With these thoughts go certain feelings and judgments, either as a general state or in response to what is happening around you. These are usually simple: good/bad; like/dislike; agree/disagree; comply/resist. Let your self sense these subtle feelings.

Now just be aware that your body is sending you signals, making small movements with or without your awareness. You may slightly shift posture, blink your eyes, wiggle your toes. Notice these small shifts.

You are noticing your processes at different levels; the way in which you engage with life -- this is your outer process.

Now notice how you are feeling. What is your present state. Just be aware of subtle inner responses, the background flow to your way of experiencing. Notice what happens when I ask the question: Who are you?

Notice sensations in your hands, any tension in your neck or tingling in your feet. How is your energy? Is it stuck anywhere in your body, or can it move freely? Ask yourself: Why am I doing this exercise? Am I still interested? Notice the feelings that come up: excitement, irritation, unease, boredom. Remember things that you need to do today, a forgotten errand, a feeling of hunger or thirst, a wish to be outside. Now noticing yourself noticing these things.

Sustaining these thoughts, feelings and sensations is a pattern of association and connection, a way of organizing your inner world. This pattern is your inner process. This is how your inner self takes form.

Now we will do the impossible: drift inward and simultaneously be aware and not aware. Let your attention become fuzzy and diffuse, your mind wanders in a relaxed reverie. Remember drifting off to sleep last night or waking this morning. Stay there for a few moments. Sensations, images, memories float up from the back of your mind -- connecting together in compound images or fragmented stories. Everything becomes increasingly fluid and drifting. The landscape of dreams, symbol, myth , metaphor. Your consciousness emerges from this underworld.

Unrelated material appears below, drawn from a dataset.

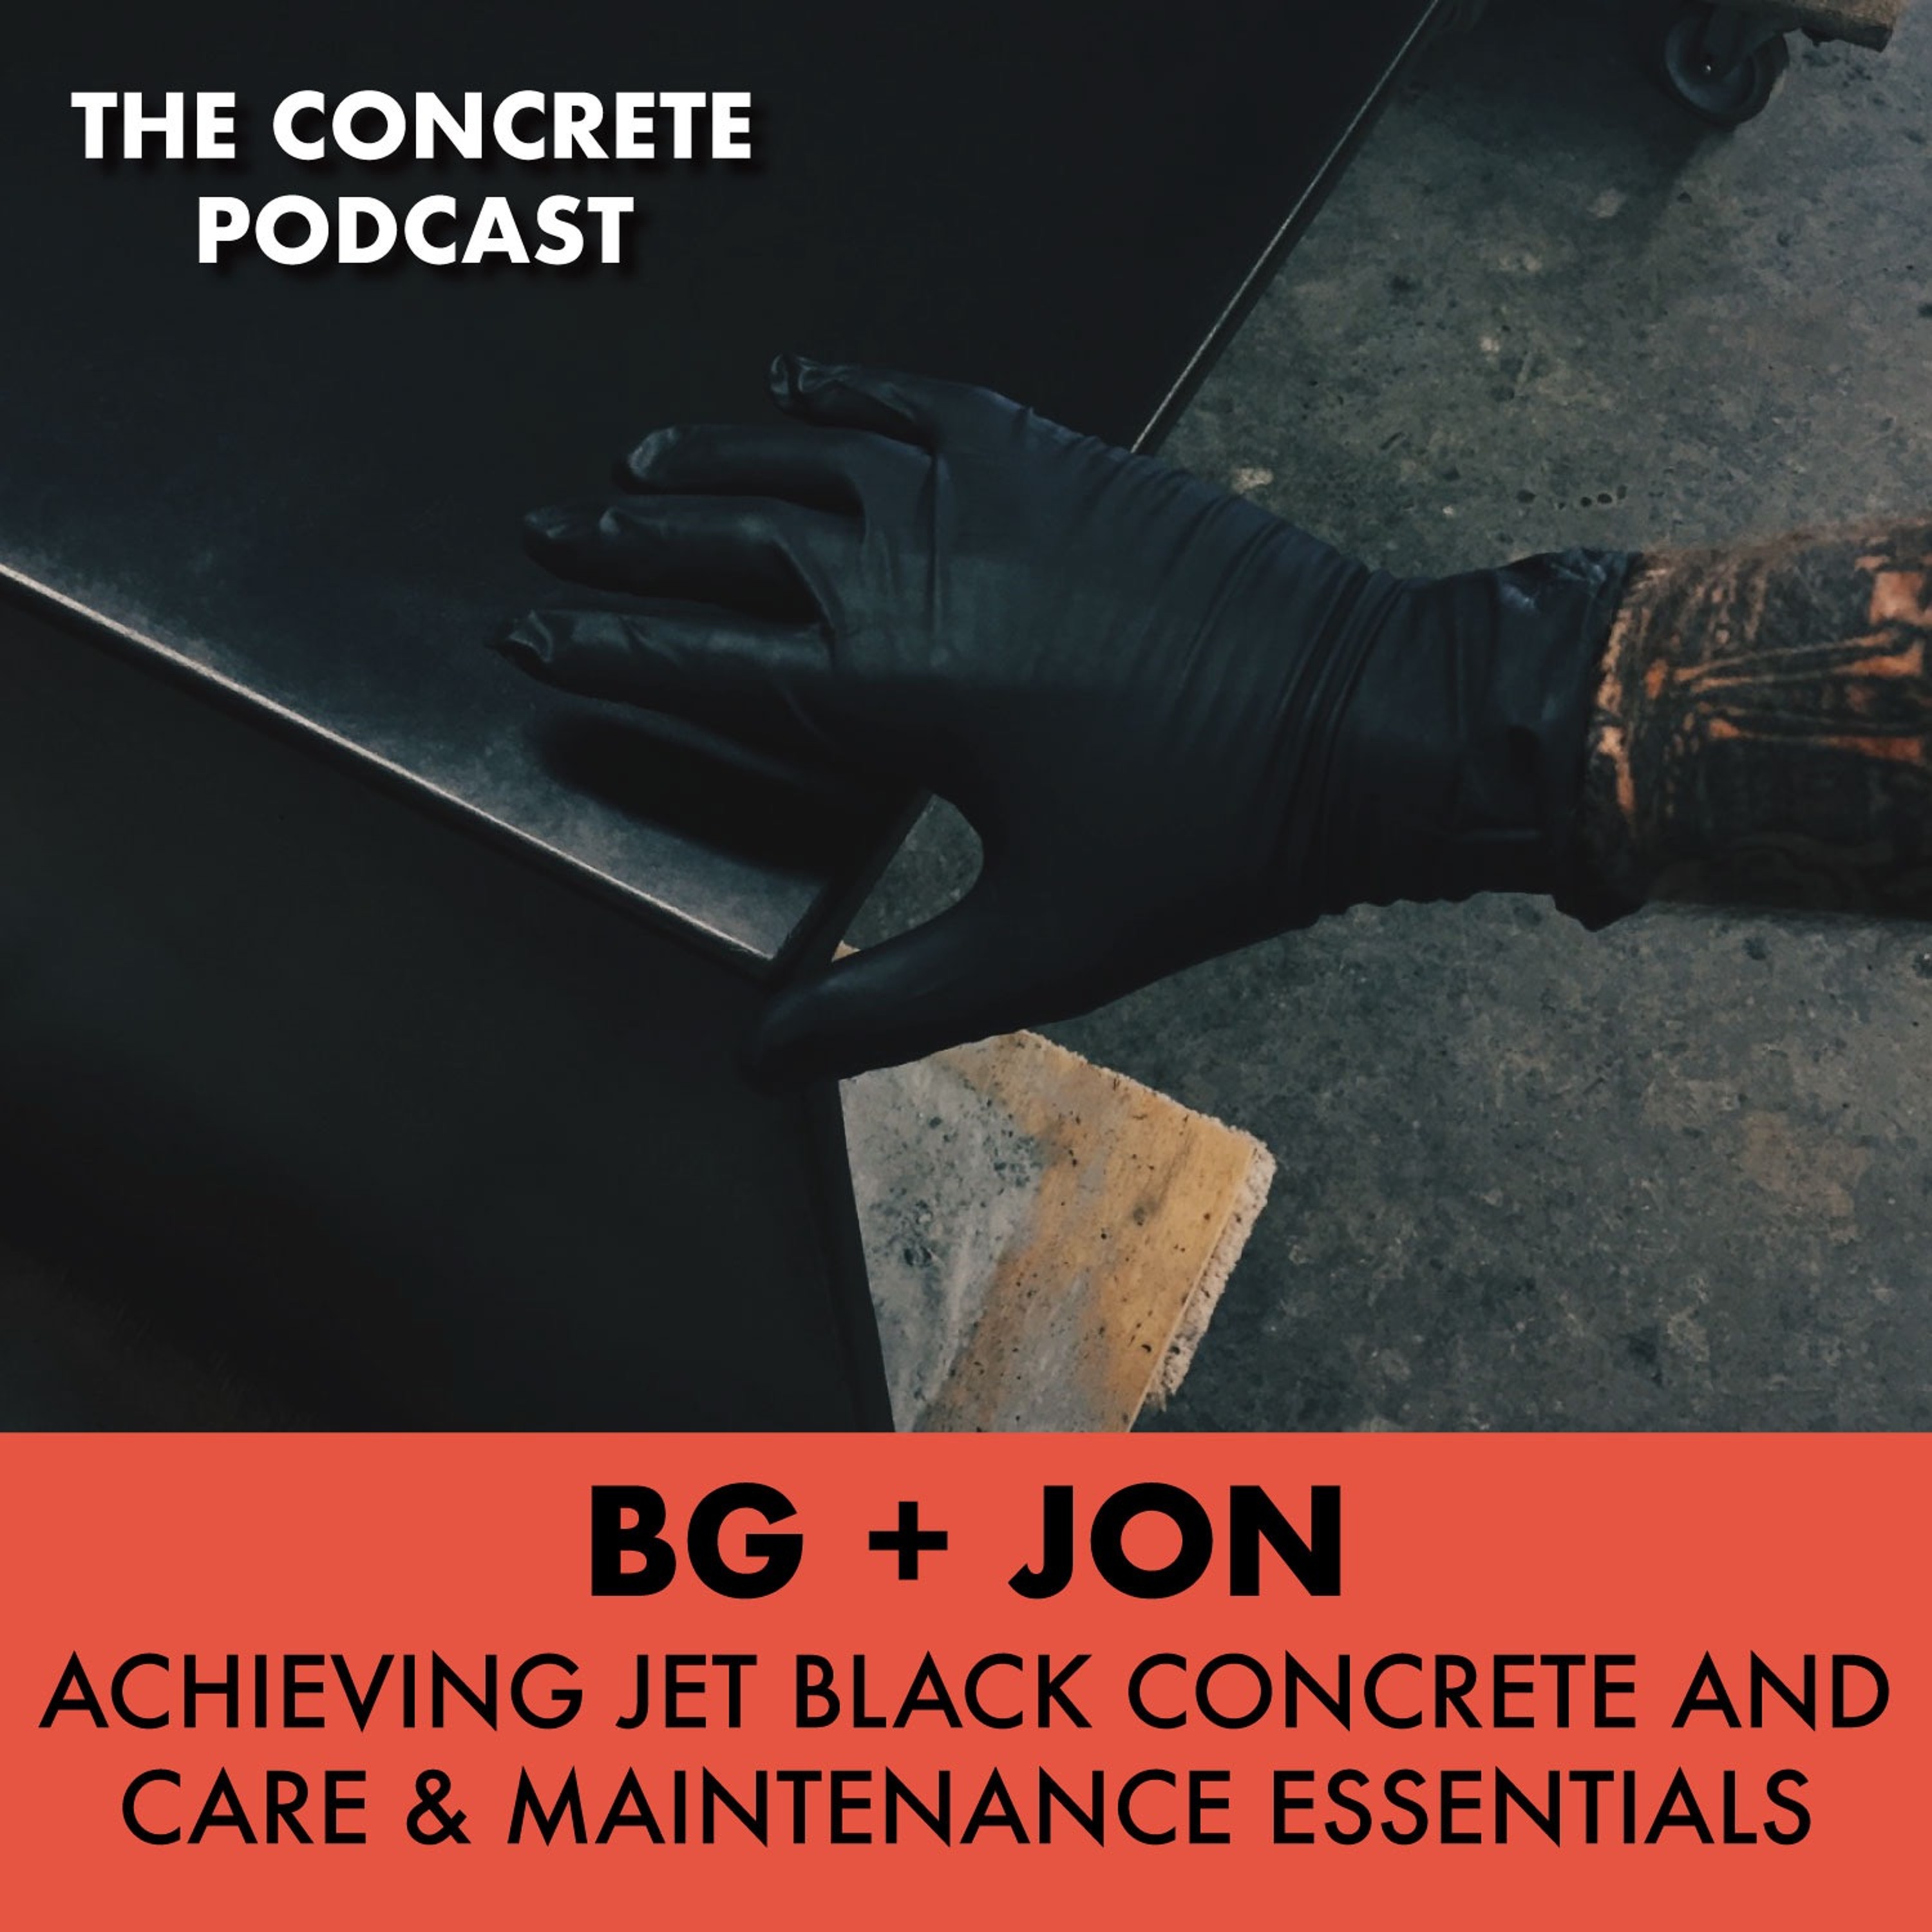 Achieving Jet Black Concrete and Care & Maintenance Essentials

Now imagine everything flowing in its natural way. Rest quietly in your own center of awareness. Sense the unity and participation of all things. Brightness, meaningfulness, lightness of body and soul. Imagine yourself filling with the joy of being -- there is no need to be anywhere else, with anyone else, doing anything. You are content just to be. This is greater process.

In daily life the outer process needs reminding that is it not always the most essential. Meditation, contemplation, prayer, inspiration, these are different ways to become aligned with something greater than the small bounded self. Experience of Greater process arises through intentional surrender.

This exercise, which we sometimes use in therapy, was developed with the help of our friend, Roland Evans. It is a tool you can try on your own to begin to differentiate levels of awareness.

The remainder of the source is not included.